In the given figure, AB || EF || DC; AB = 67.5 cm, DC = 40.5 cm and AE = 52.5 cm.

(i) Name the three pairs of similar triangles.

(ii) Find the length of EC and EF.

(i) The three pairs of similar triangle are :

In △BEF and △BDC

⇒ ∠FBE = ∠CBD [Common angle]

⇒ ∠BFE = ∠BCD [Corresponding angles are equal]

∴ △BEF ~ △BDC [By AA]

In △CEF and △CAB

⇒ ∠FCE = ∠BCA [Common angle]

⇒ ∠CFE = ∠CBA [Corresponding angles are equal]

∴ △CEF ~ △CAB [By AA]

In △ABE and △CDE

⇒ ∠AEB = ∠CED [Vertically opposite angles are equal]

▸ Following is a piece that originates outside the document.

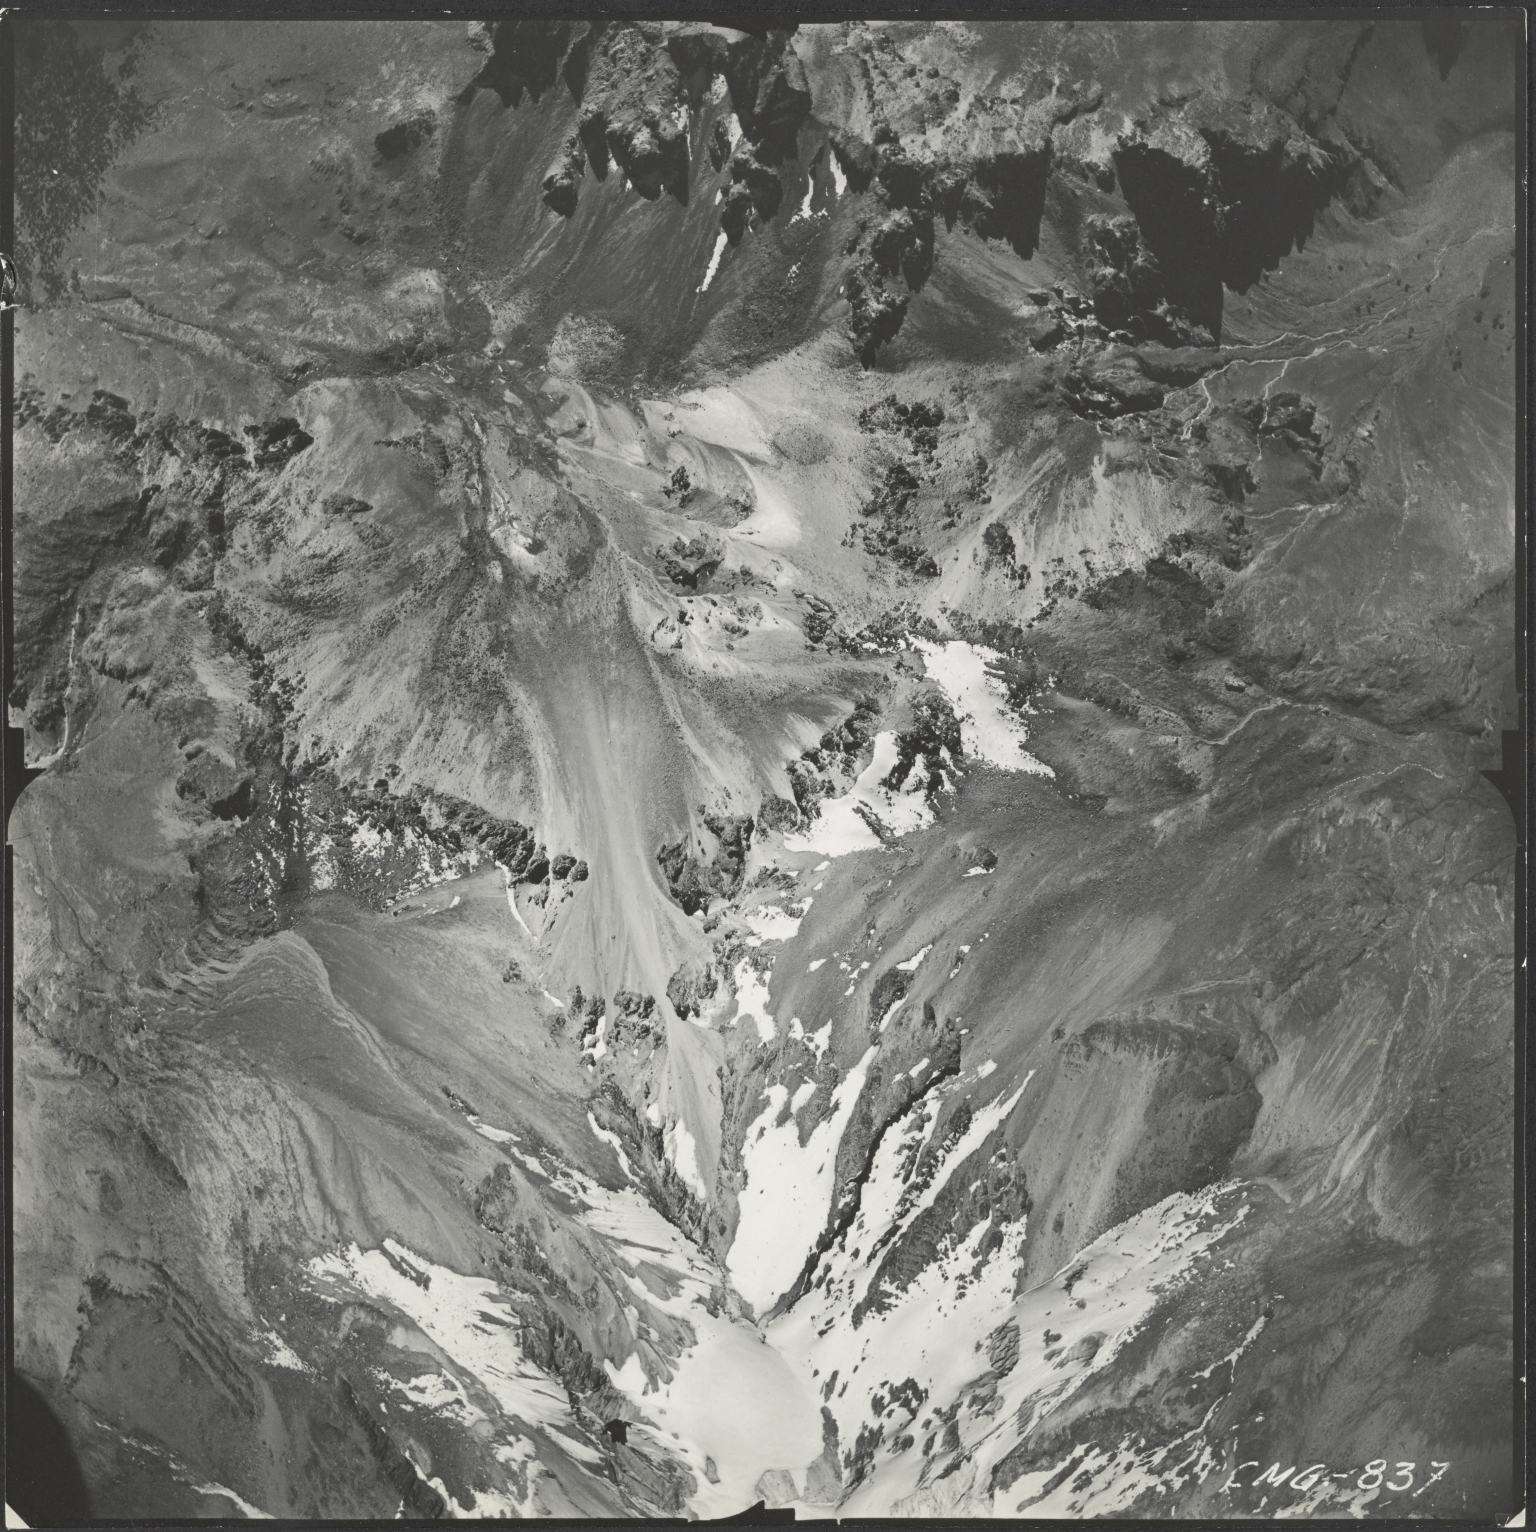 Popocatepetl Glacier and Iztaccihuatl Glacier, Mexico

⇒ ∠BAE = ∠ECD [Alternate angles are equal]

∴ △ABE ~ △CDE [By AA]

(ii) Since, △ABE and △CDE are similar,

$\therefore \dfrac{AB}{CD} = \dfrac{AE}{CE} \\[1em] \Rightarrow \dfrac{67.5}{40.5} = \dfrac{52.5}{CE} \\[1em] \Rightarrow CE = \dfrac{40.5 \times 52.5}{67.5} \\[1em] \Rightarrow CE = 31.5 \text{ cm}.$

Since, △CEF and △CAB are similar,

$\therefore \dfrac{CE}{CA} = \dfrac{EF}{AB} \\[1em] \Rightarrow \dfrac{31.5}{CE + AE} = \dfrac{EF}{67.5} \\[1em] \Rightarrow \dfrac{31.5}{31.5 + 52.5} = \dfrac{EF}{67.5} \\[1em] \Rightarrow EF = \dfrac{31.5 \times 67.5}{84} \\[1em] \Rightarrow EF = \dfrac{2126.25}{84} \\[1em] \Rightarrow EF = 25\dfrac{5}{16}\text{ cm}.$

Hence, CE = 31.5 cm and EF = $25\dfrac{5}{16}$ cm.